• _Dataset content_:
----

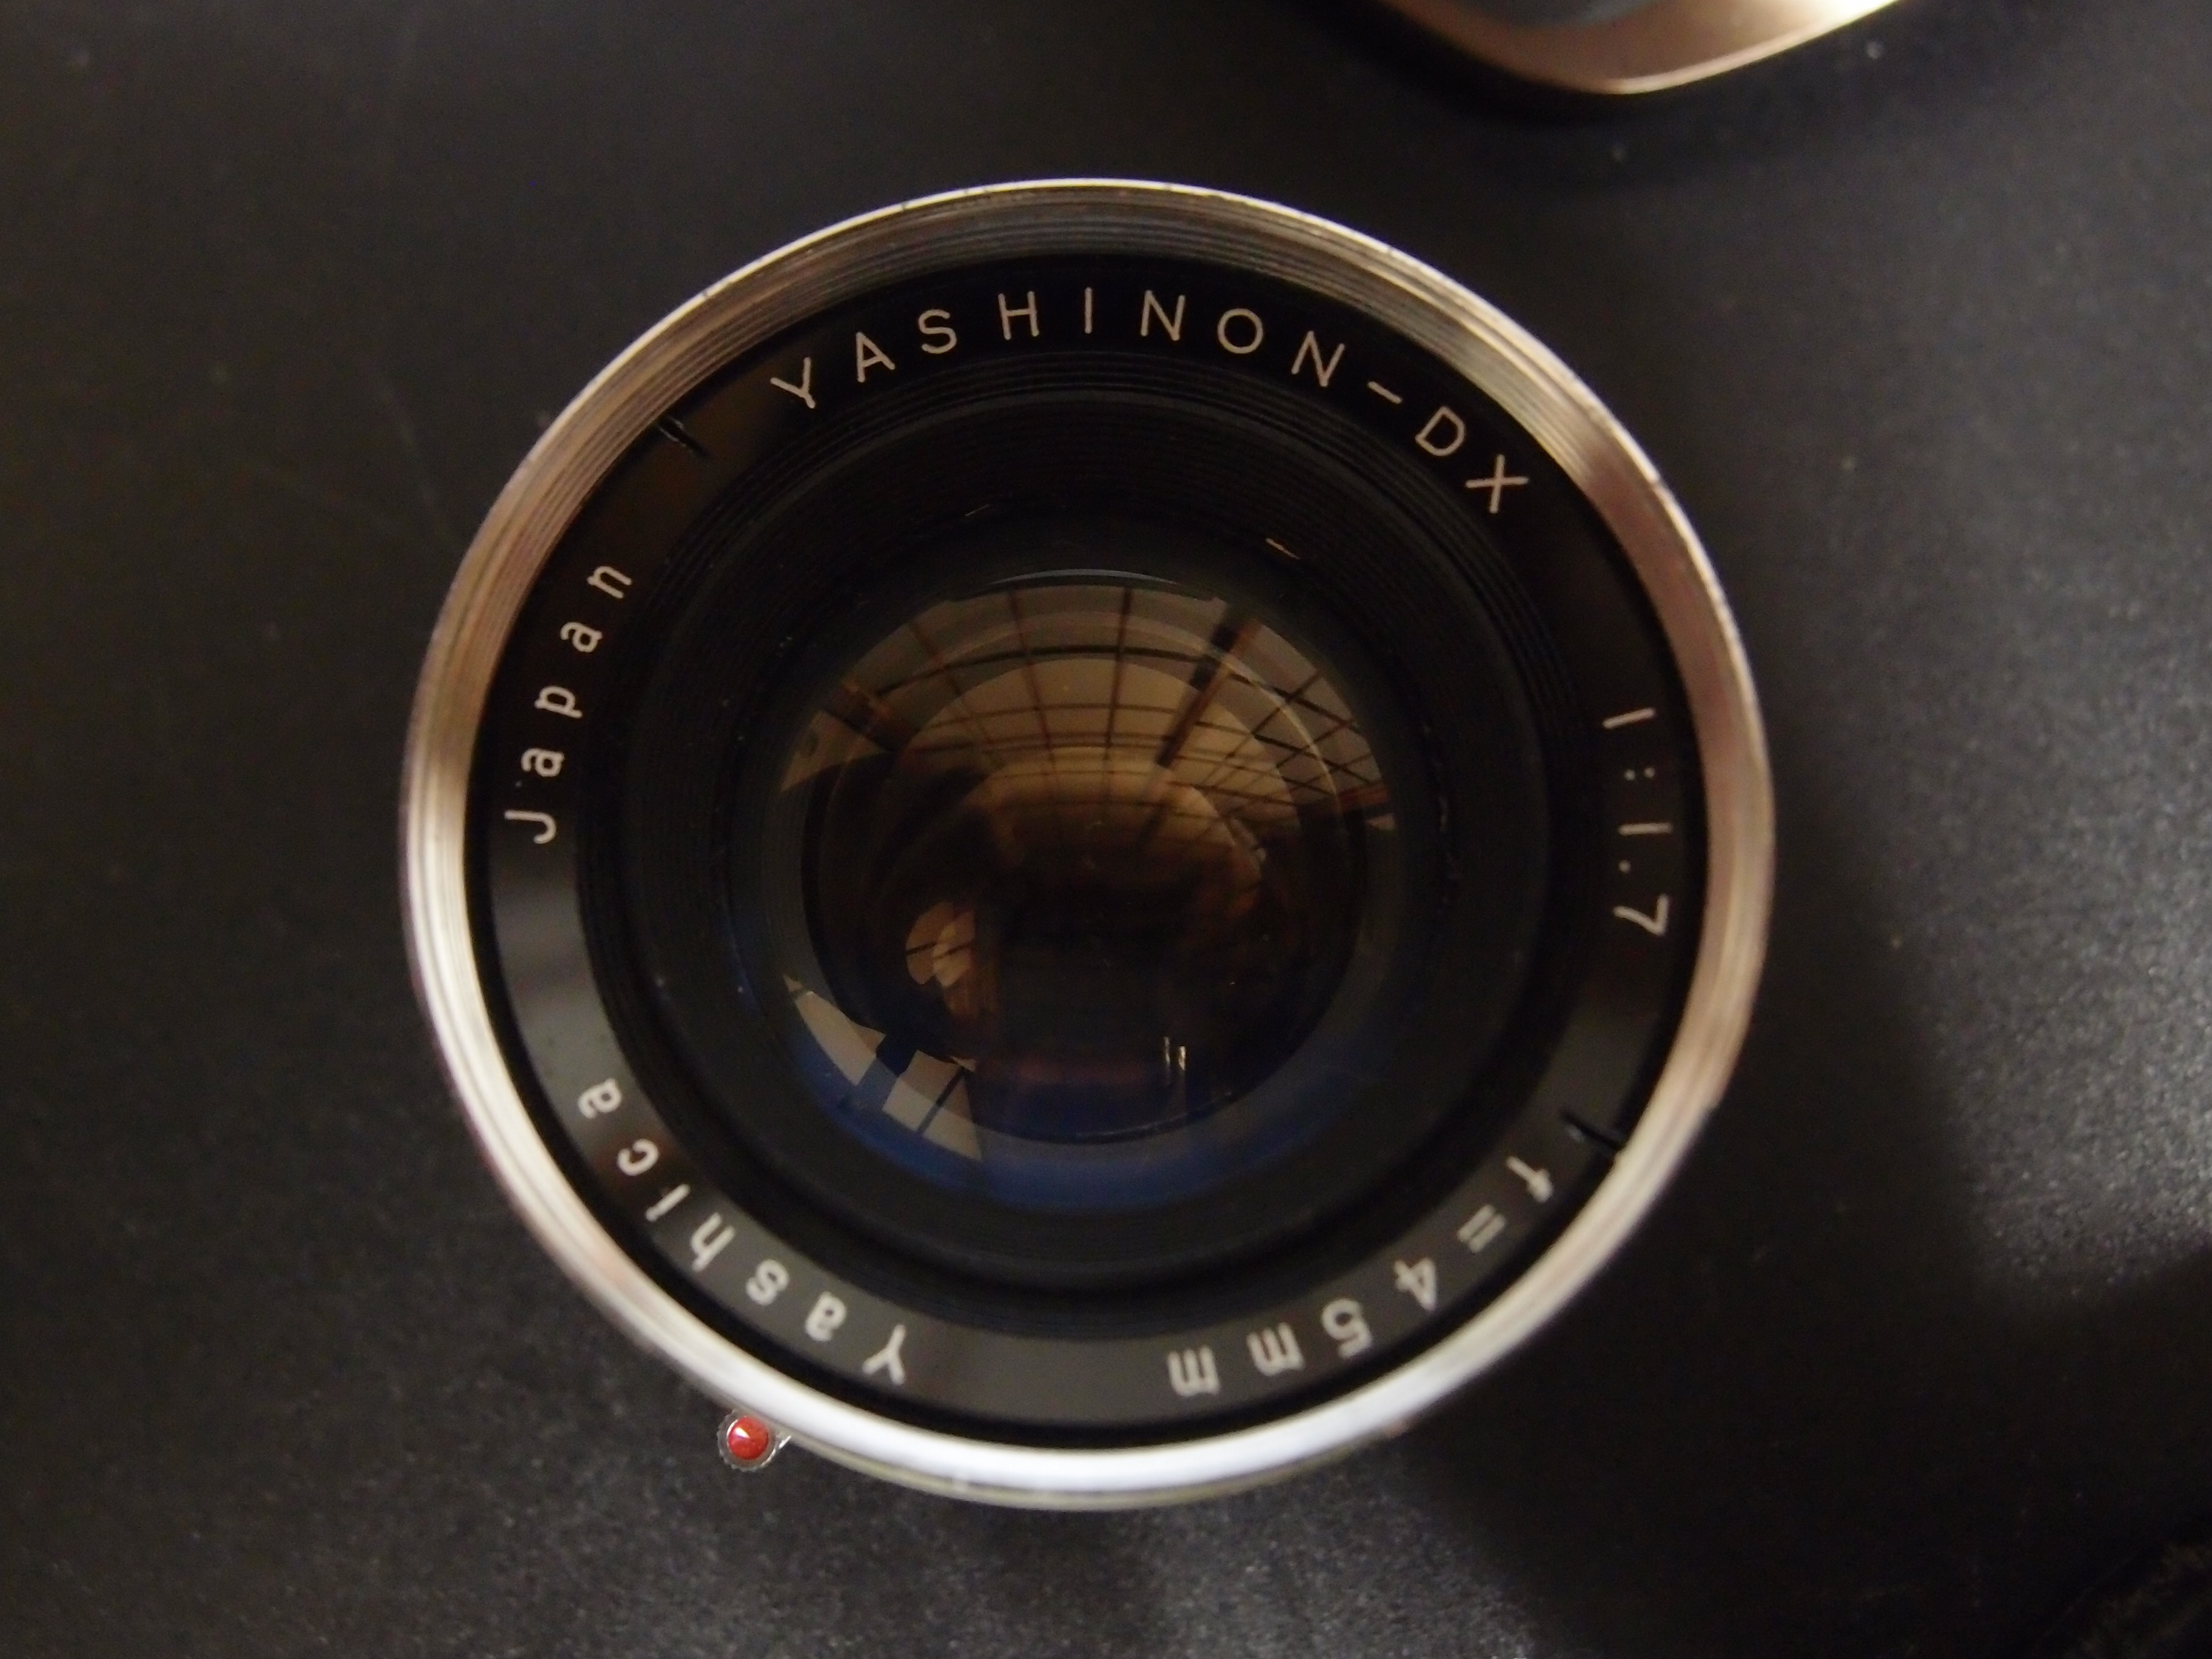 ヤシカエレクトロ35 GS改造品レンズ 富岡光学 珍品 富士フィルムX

----

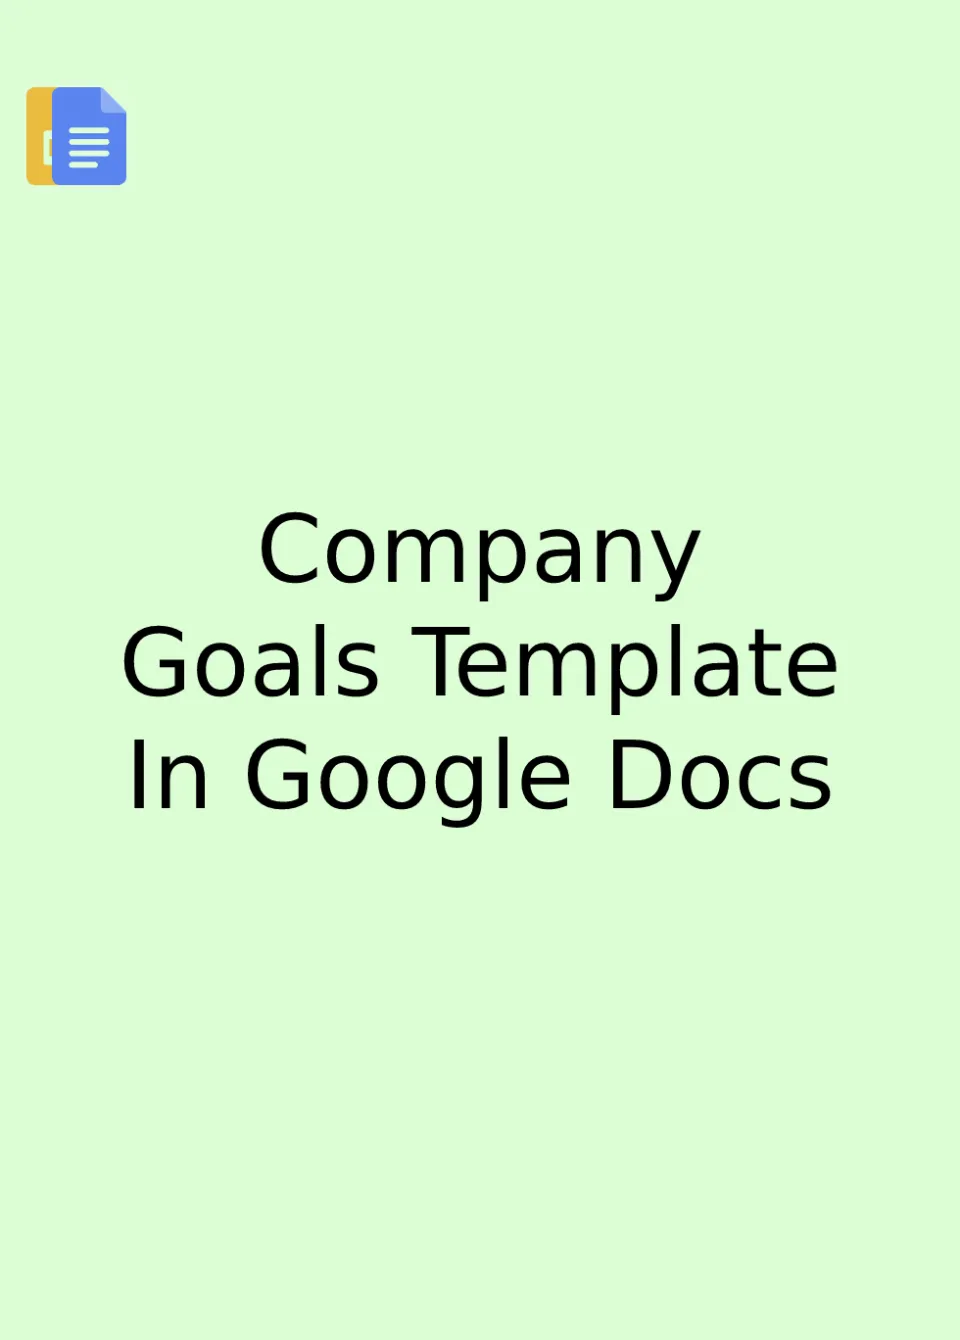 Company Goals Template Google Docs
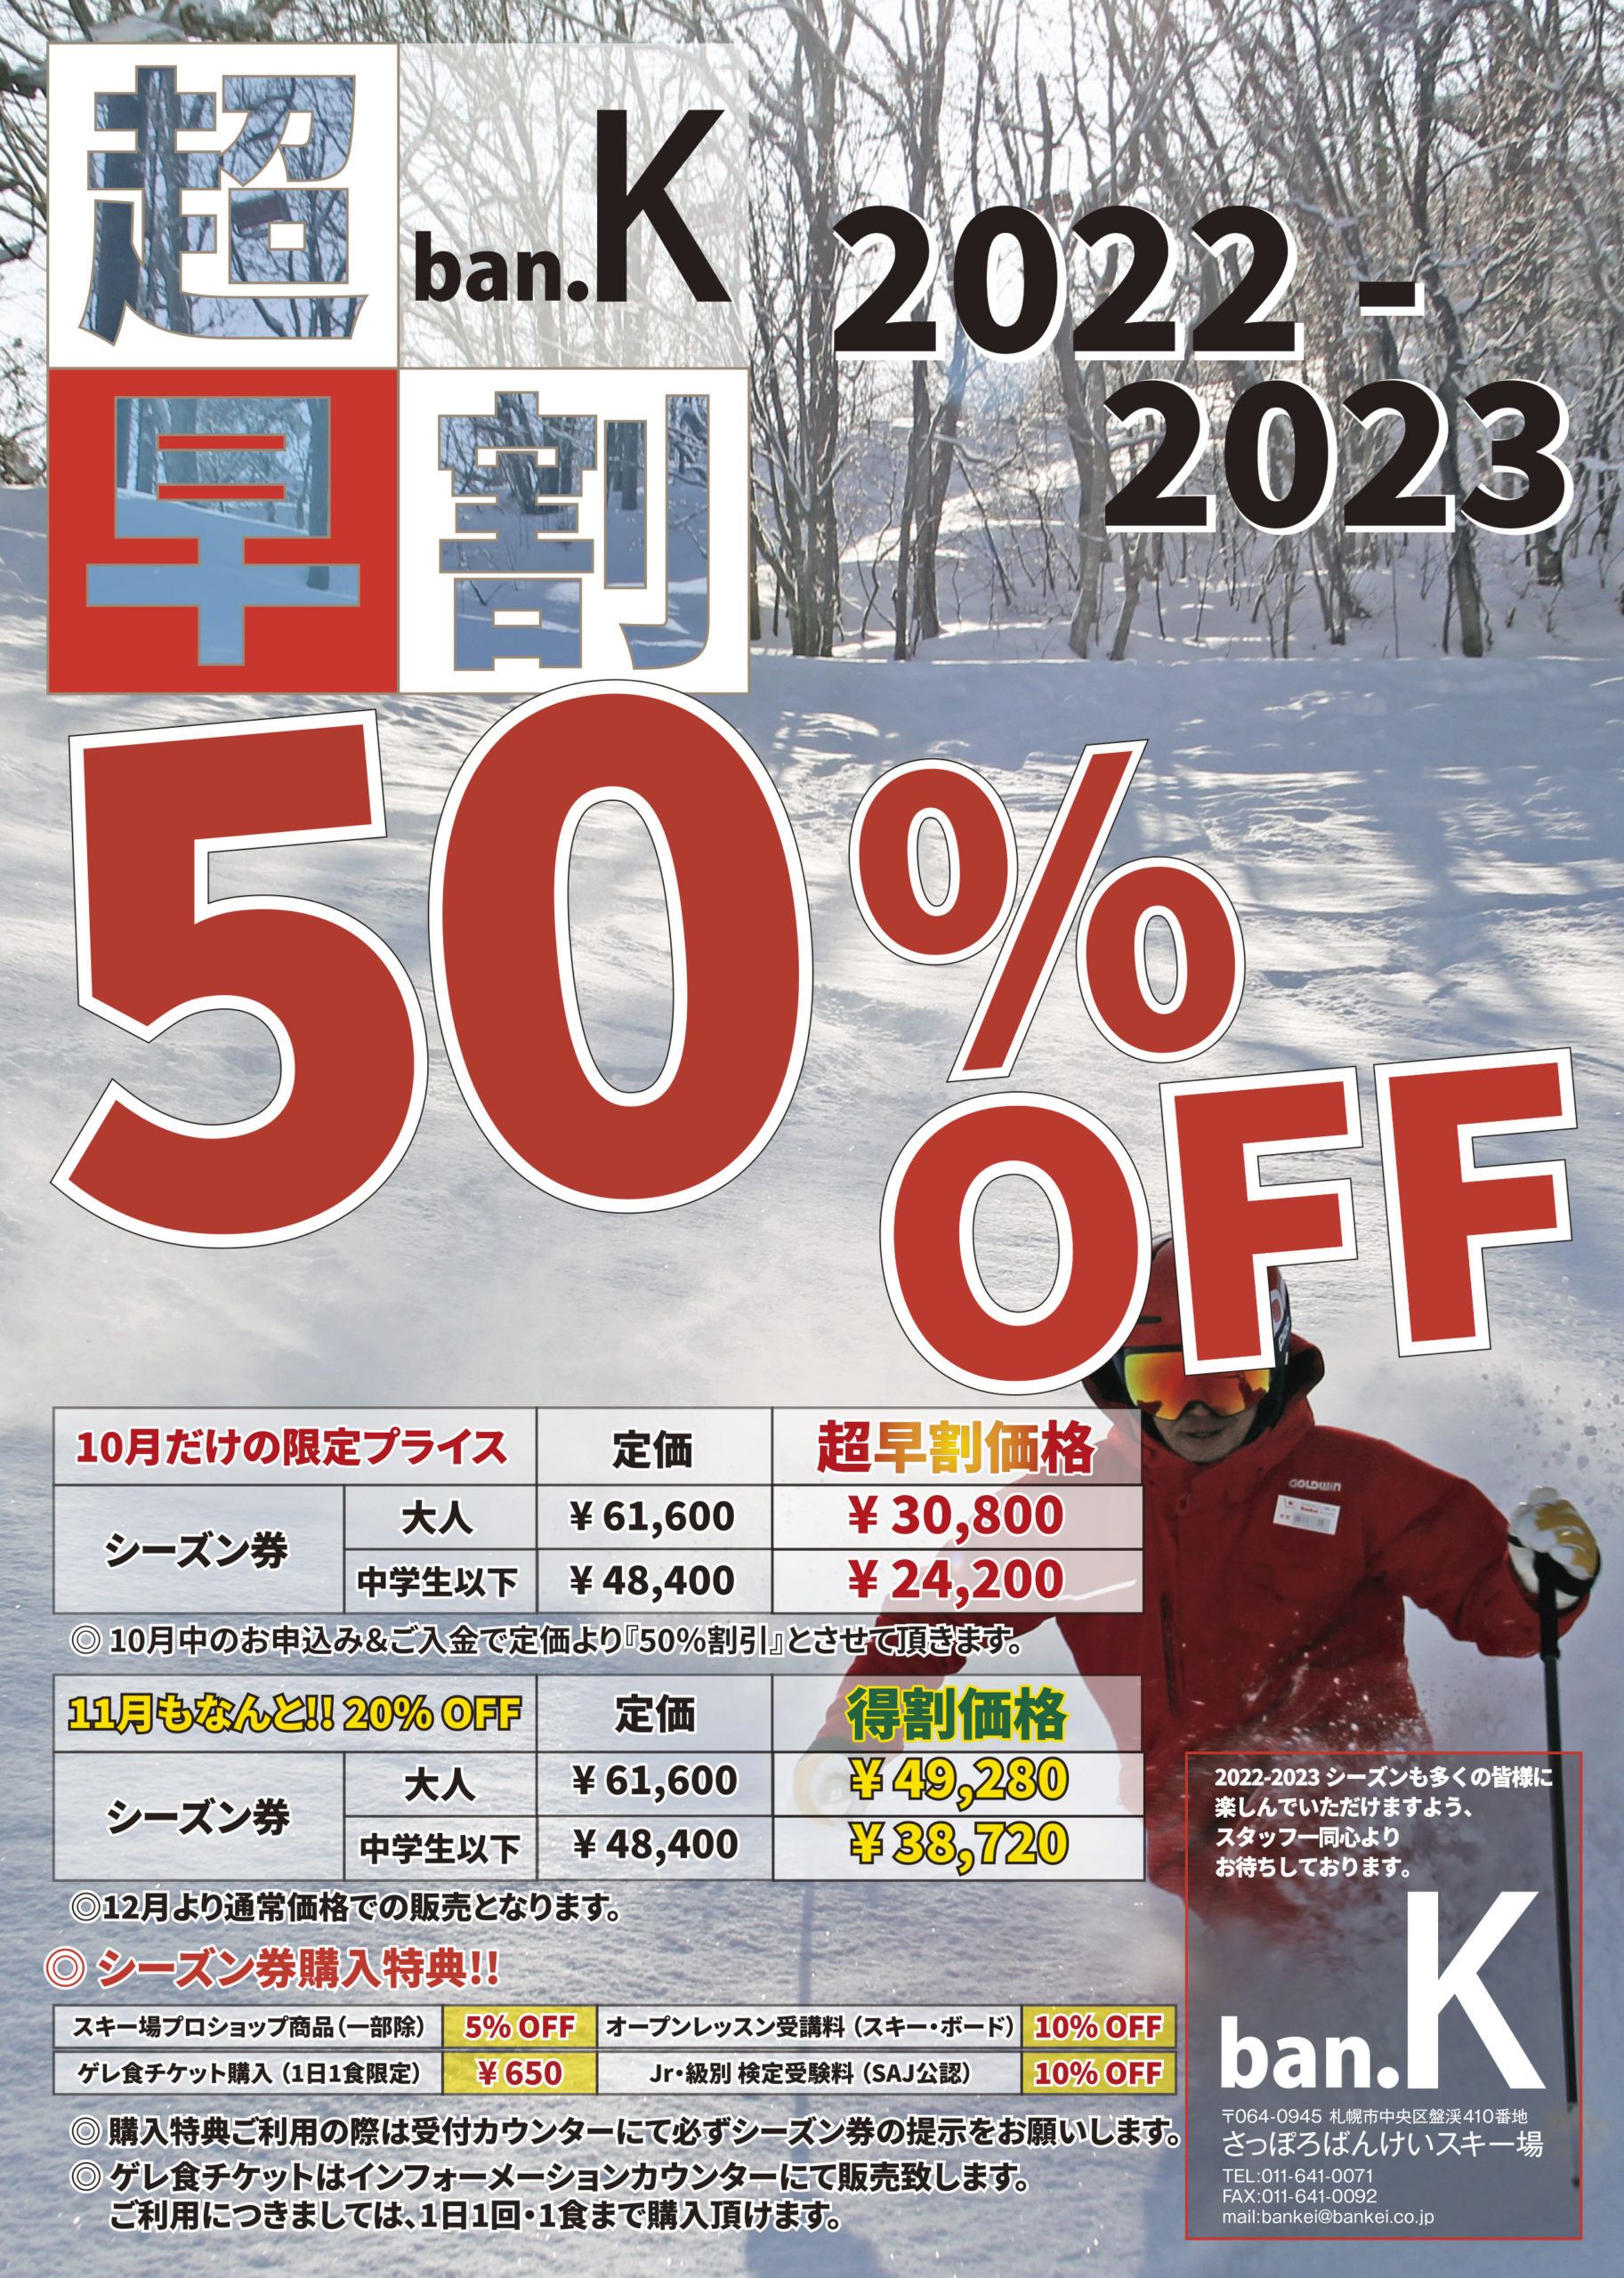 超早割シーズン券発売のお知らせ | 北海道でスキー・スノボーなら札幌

----

• _Problem description_:
For this exercise, set down the lines in the entries above from the one with "Company Goals Template Google Docs" through the one with "超早割シーズン券発売のお知らせ | 北海道でスキー・スノボーなら札幌" exactly as written, without any pictures.

• _Task answer_:
 Company Goals Template Google Docs
 超早割シーズン券発売のお知らせ | 北海道でスキー・スノボーなら札幌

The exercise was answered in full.